We are experiencing a high level of connections entering the TIME_WAIT state on our proxy server during a time window that produces bursty traffic - tens of thousands of connections every minute for about 15 minutes.

The proxy server sits behind a firewall that is providing a NAT. Upstream from the firewall is the destination service, which has tcp timestamps enabled, as well as tw_reuse and tw_recycle tcp settings.

The destination service is likely seeing a single IP due to the NAT'd firewall. Our firewall is dropping connections that it is receiving out of state and also, our proxy is producing a lot of 503 errors. The proxy has about 16,000 available ports.
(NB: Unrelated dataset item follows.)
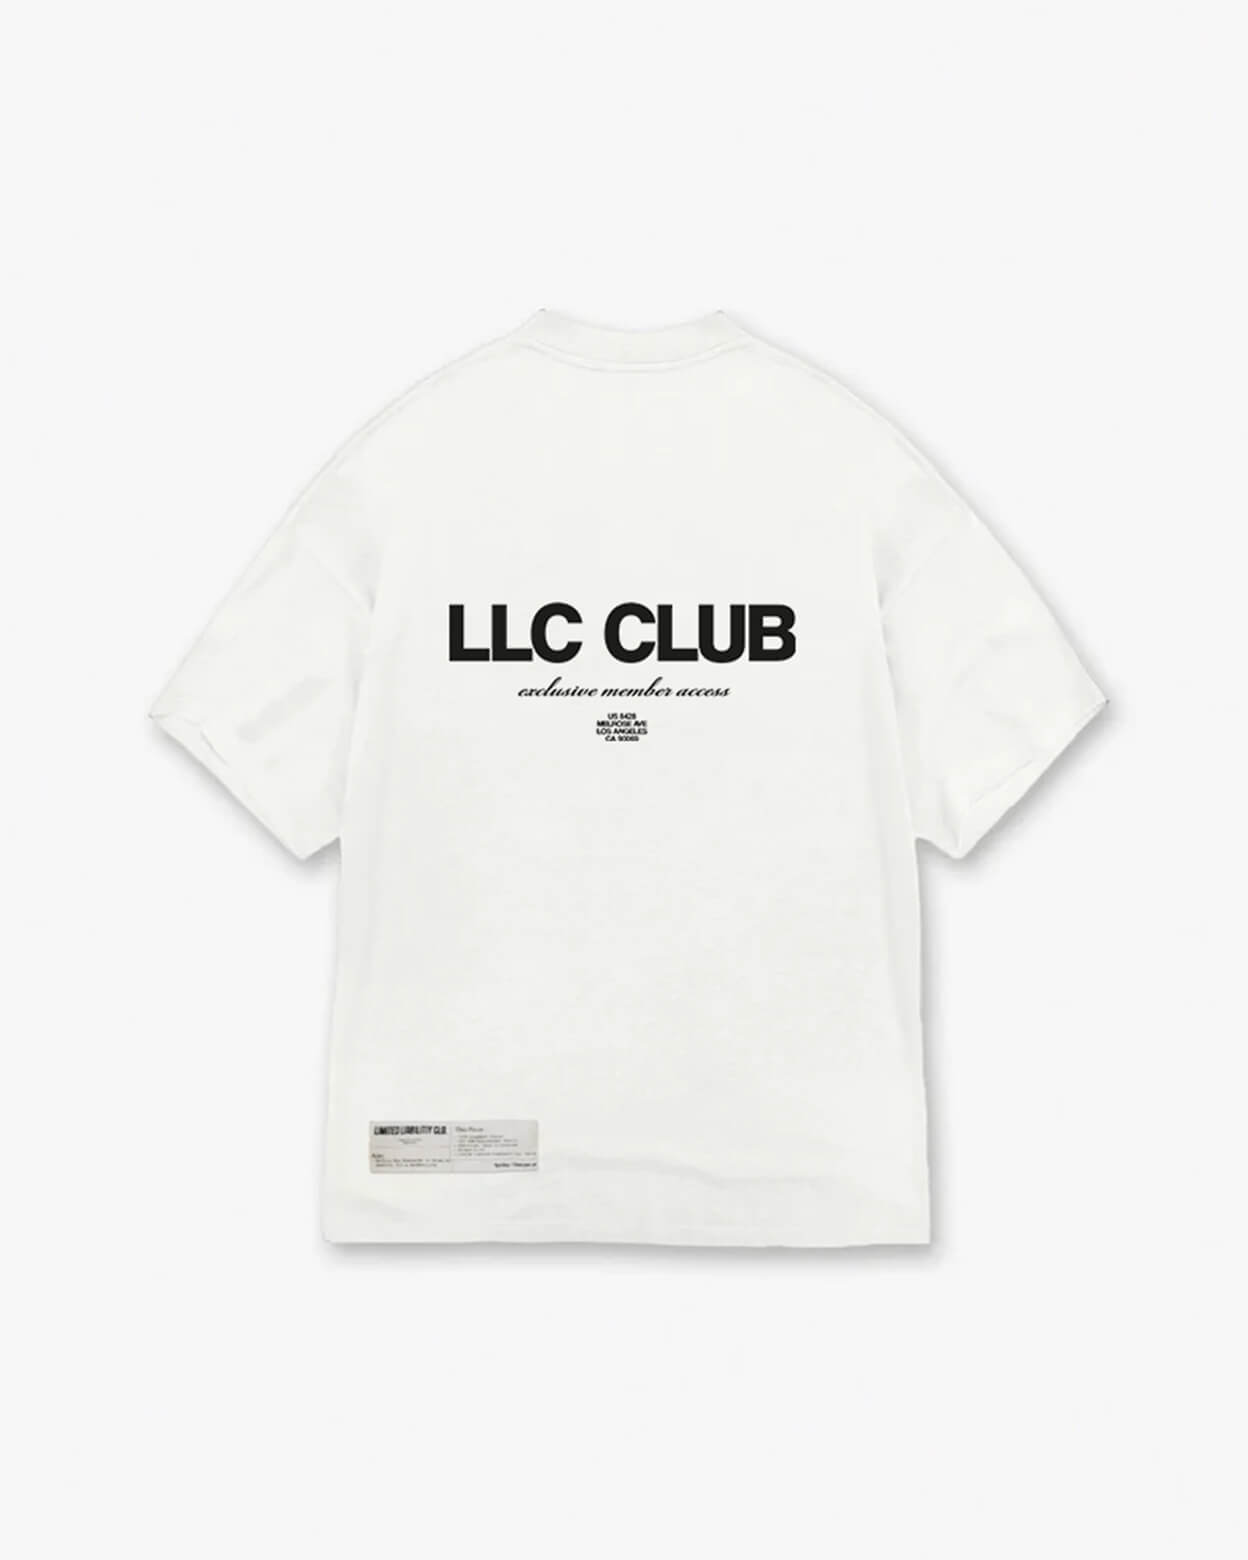 LLC CLUB T-SHIRT - WHITE

Can anyone help provide a reasoning for this behavior? Based on the info given above, are there settings that we need to enable on the proxy to suppress this behavior?

Freddie
  • 173
  • 5
  • Is it a reverse proxy or a forward proxy? What are the values for the tw_reuse and tw_recycle options? Is the high activity expected (marketing campaign) or not (DDoS) ? – Mindaugas Bernatavičius Jan 22 '18 at 20:59
  • It's a forward proxy. The destination service has tw_reuse and rw_recycle set to 1. The proxy has these options set to 0. The high activity is expected. It is for a live streaming events where user basically join in bursts in a short period of time. – Freddie Jan 23 '18 at 18:40
  • If the options are turned OFF on the proxy, that means TW connections are neither recycled nor reused. This however is not safe to enable in case you have clients that are behind a NAT Router (meaning many people behind 1 public IP). What would be relatively safer is: `net.ipv4.tcp_fin_timeout` shortening. This would shorten the time each connection stays in TW and gets back to the limited pool of available connections. - Qs: do you know that the proxy is not overloaded and capable of handling so many connections? What are CPU, RAM usage @ that time? Any logs that the proxy service generates? – Mindaugas Bernatavičius Jan 23 '18 at 20:26
  • The proxy was at 90% CPU with 25K connections in TW at its peak. So are you saying that the reason so many connections are getting stuck in TW is because the destination service has reuse and recycle enabled but the proxy does not? Why would enabling these be unsafe for a NAT'd IP? We have a config enabled for 2MSL set to 30 seconds currently. The proxy may be undersized, but I'm not sure yet due to all of the connections in TW. – Freddie Jan 24 '18 at 02:02
  • Not really, I'm saying that reuse and recycle help in these cases (when conns. are short), however you need to be sure, that it was not the proxy software going down first and causing excessive TW sockets, because fixing the TCP layer will not change much if the upper layer can't handle it. You can read about the problem w/ NAT'd IPs here: https://vincent.bernat.im/en/blog/2014-tcp-time-wait-state-linux - it is not a well known issue, I had security engineers enable tw_reuse and tw_recycle w/o even thinking that it is unsafe. In summary: the TCP stack will start sending garbage to NAT'ed IPs. – Mindaugas Bernatavičius Jan 24 '18 at 08:56
  • Unfortunatelly it is hard to advise anything @ this point, since not nearly enough information is there. If you think it's a port exhaustion issue - try increase the range of usable ports. If you can tune 2*MSL, make it 20 seconds. If you can add more CPU, it can help. If you can scale horizontally (add a second proxy) - even better. One more question to answer about the problem - are the connections in TW clients --> proxy or proxy --> backend (firewall in your case) ? – Mindaugas Bernatavičius Jan 24 '18 at 08:59
  • I will read that link you set. Hard to tell, but I'm pretty sure the TW connections are from proxy to firewall. The setup is: client -> firewall -> proxy -> firewall -> destination service. The firewall closest to the destination service is the one that is providing NAT IP. – Freddie Jan 24 '18 at 13:06
  • I should add that the firewall closest to the destination service is getting a lot of "out-of-state" packets and subsequently dropping the connections. I believe the proxy is then seeing this as a 503 error. The firewall CPU was also high during peak - close to 99%. – Freddie Jan 24 '18 at 13:10

0 Answers0